The shift is driven by escalating expenses associated with US models. DoorDash co-founder and CTO Andy Fang noted this month that using a model from Chinese startup Moonshot AI offers "better quality" at a "cheaper cost." Fang announced on Wednesday that DoorDash is launching an experimental AI agent tool built with these economics in mind.

This is not an isolated corporate move. AI coding startup Cursor used Moonshot’s Kimi to build its Composer 2 agent, while Lindy reportedly replaced Anthropic’s tools entirely with DeepSeek’s V4 models. The trend is quantifiable: a March 2026 study by Hugging Face found that Chinese open-source models accounted for 41% of downloads on its platform.

For corporate buyers, the appeal extends beyond simple price tags to data control.
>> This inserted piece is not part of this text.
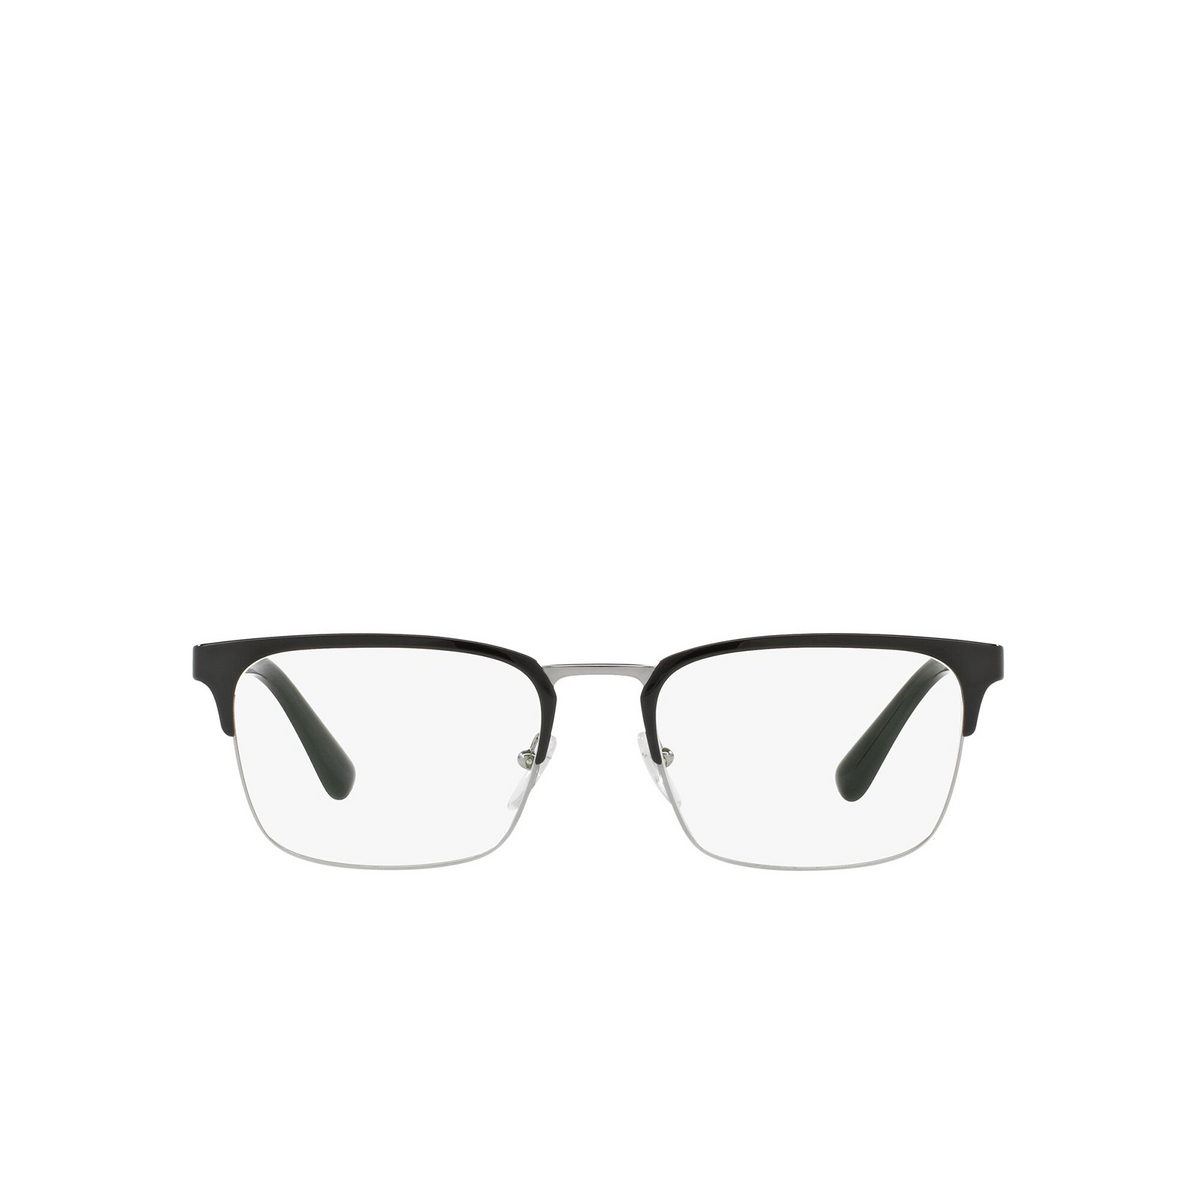 Prada® Rectangle Eyeglasses: Heritage PR 54TV color Black / Gunmetal 1AB1O1 - front view.
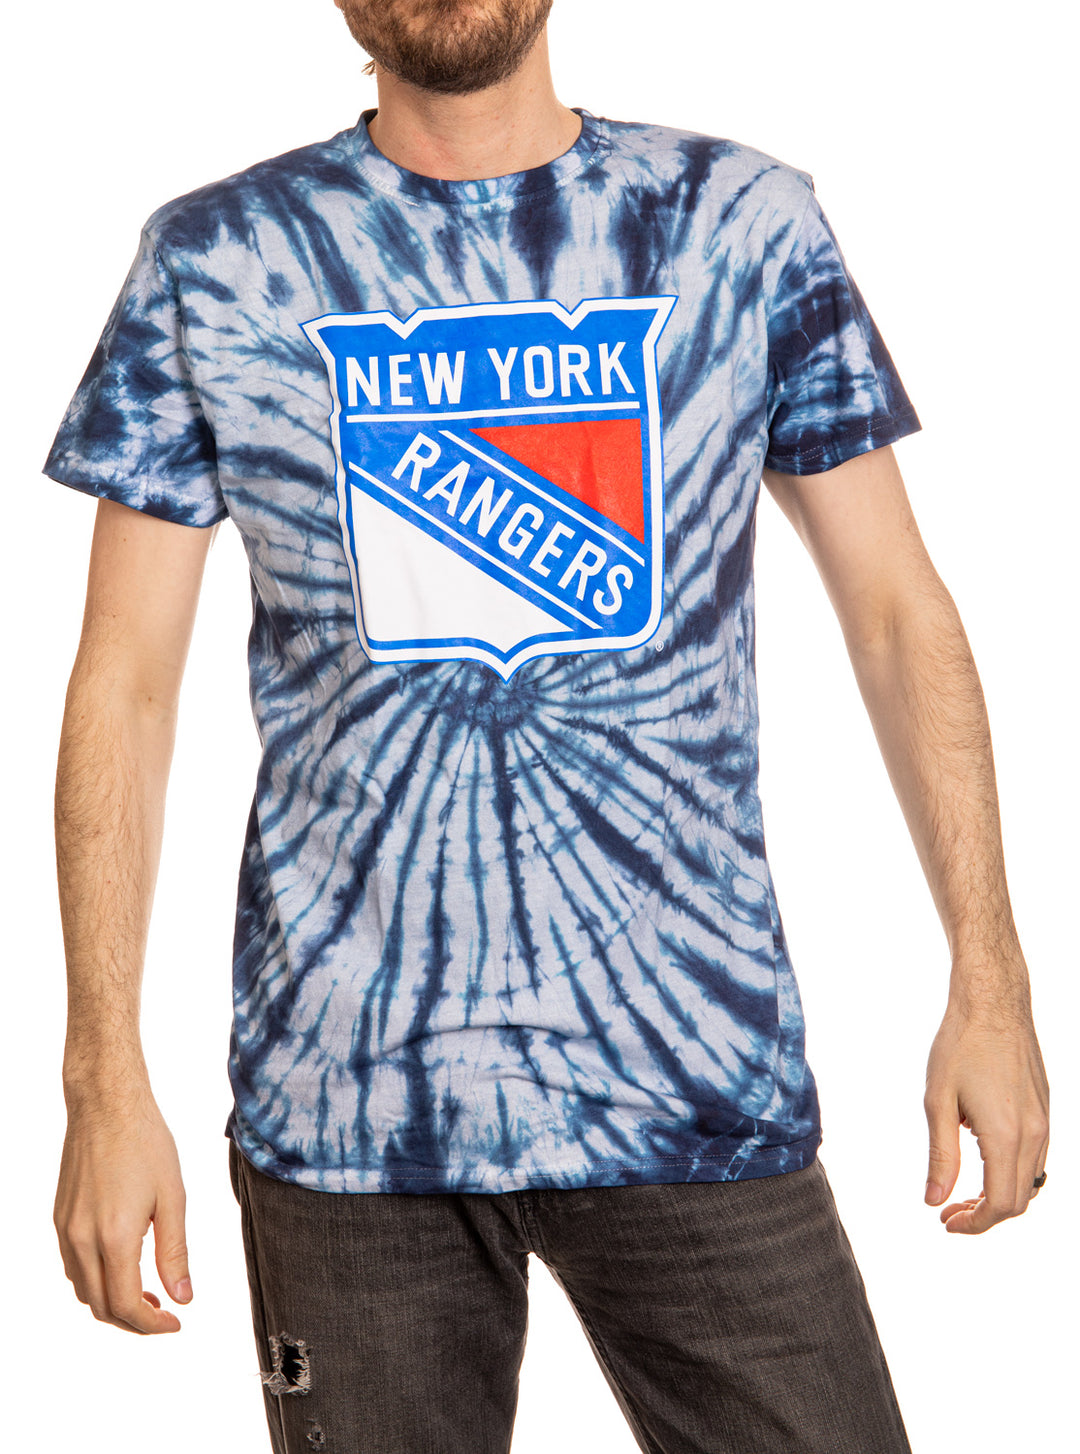 Copy of New York Rangers Spiral Tie Dye T-Shirt for Men

Yasir Atalan, a data fellow at the Center for Strategic and International Studies, pointed to the flexibility of open-source architectures. "What we’re seeing right now is that it seems like the recent high-quality, high-performance models by U.S. companies seem expensive compared to Chinese models," he said.

Hosting these models locally allows enterprises to retain sensitive information rather than transmitting proprietary data to external providers. "It’s better for you to host a local model instead of just a closer model because that means everything will stay in that computer and will not go to any company," Atalan said. He noted, however, that this requires significant upfront capital, such as "$30,000 for GPUs, RAM, storage, etc."

The cost savings carry notable security tradeoffs. Snehal Antani, CEO of Horizon3.ai, warned that startups adopting these foreign systems "risk severe data sovereignty violations by exposing proprietary code and user data to foreign surveillance." He also highlighted potential "critical vulnerabilities in model integrity and reasoning."

Rather than a wholesale abandonment of US providers, the current phase appears to be one of tactical experimentation. Atalan suggested companies are segmenting their workloads, noting, "A company could try to use one of those open-source models for one task and use Claude for something else." For investors, this signals that US AI developers may face sustained pressure to lower prices or risk losing lower-stakes enterprise use cases to subsidized foreign competition.